Pensieri e appunti sull’Elettra di Hugo von Hofmannsthal

 

Mach keine Turen auf in diesem Hauf!1

 

Non aprire mai porte in questa casa! Intima così Elettra all’incauta sorella Crisotemide, sul punto di rivelarle il tristo destino per lei ammannito dalle volontà materne.

Azione ed inibizione. Il dramma profuso dai versi adamantini della tragedia di von Hofmannsthal non diciamo si risolva tutto in questa dicotomia, ma sembra abbeverarsi coi palmi ben protesi e gola riarsa alla fonte dionisiaca che è la volontà di potenza.
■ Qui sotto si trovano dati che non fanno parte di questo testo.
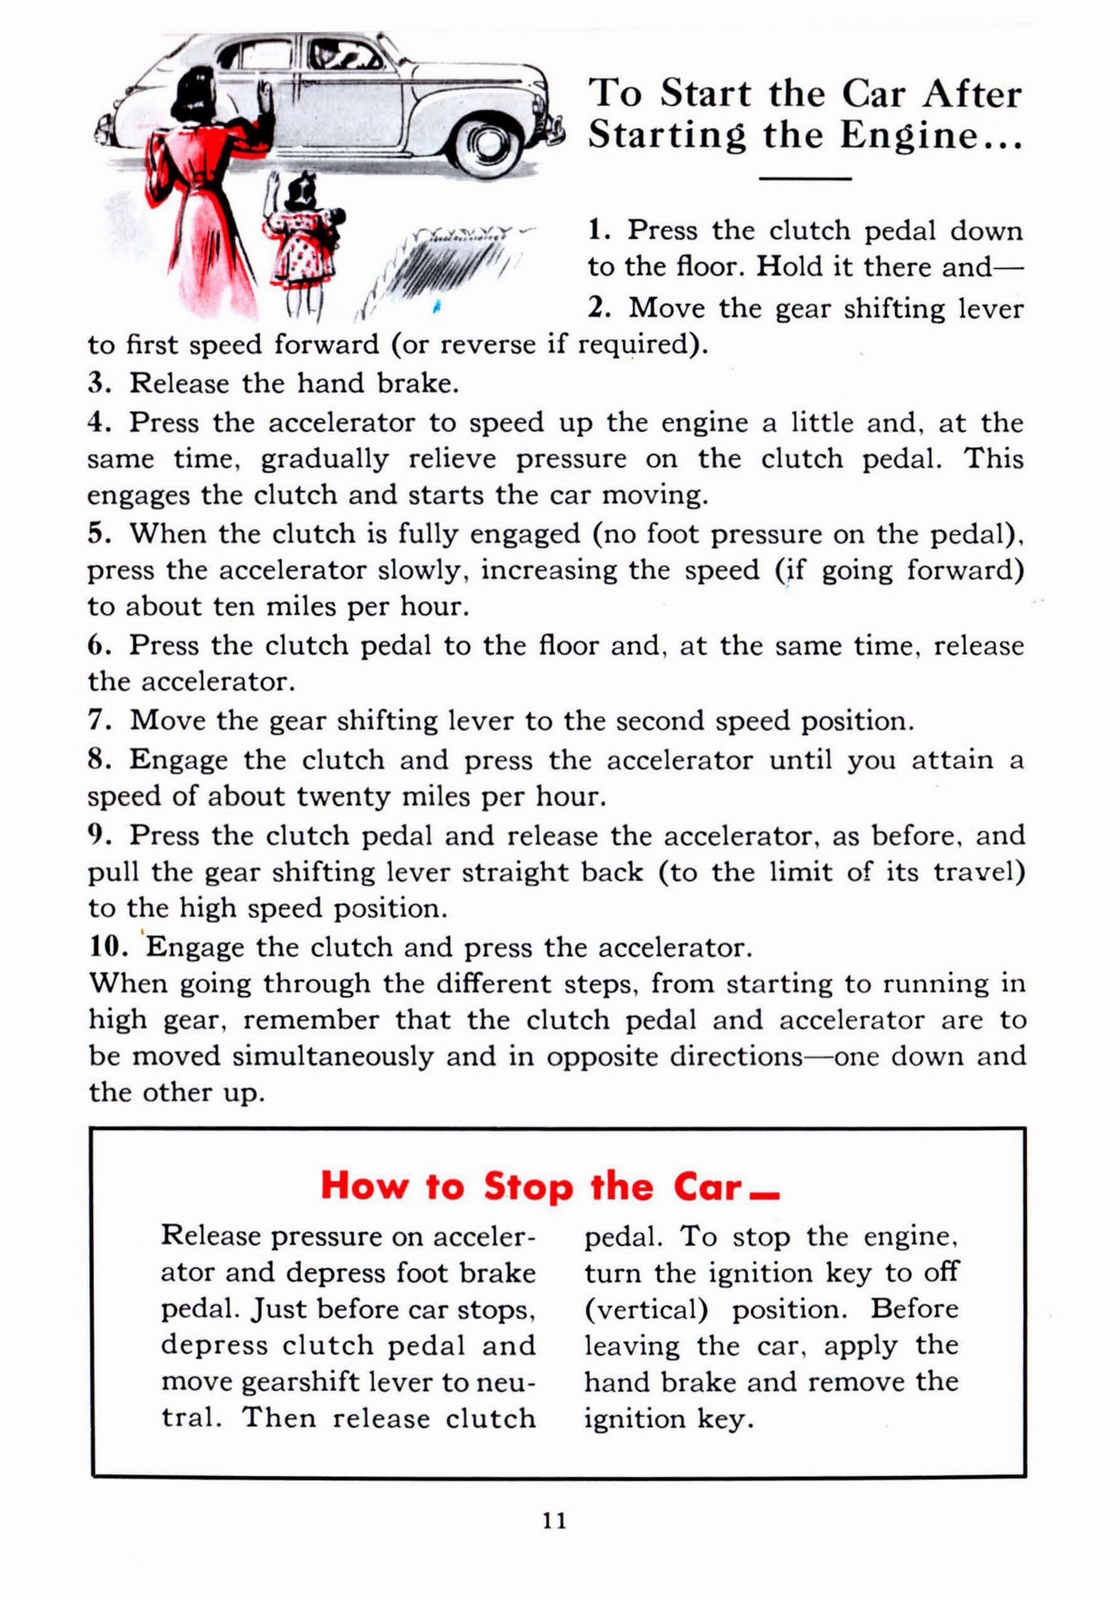 n_1941 Dodge Owners Manual-11.jpg

Frustrata, certo: siamo ai margini del décadent, e non mi pare fuori luogo rammentarlo.

Nella forza espressiva dell’opera, nella tornitura ritmica che l’autore è riuscito a scolpire di sagacia euripidea e adornare pure di umbratile umore austroungarico (perdonateci la libertà, che ci sembrava doveroso qui prendere), si annida certamente l’urlo agnostico di chi non si sottrae alla sofferenza scritta sui cenci delle Pizie, ma che sa odiare l’alta volontà come se fosse la palude definitiva2 in cui sguazza l’umano tentativo profuso nel perimetrare le forme del mondo terreno e ultraterreno.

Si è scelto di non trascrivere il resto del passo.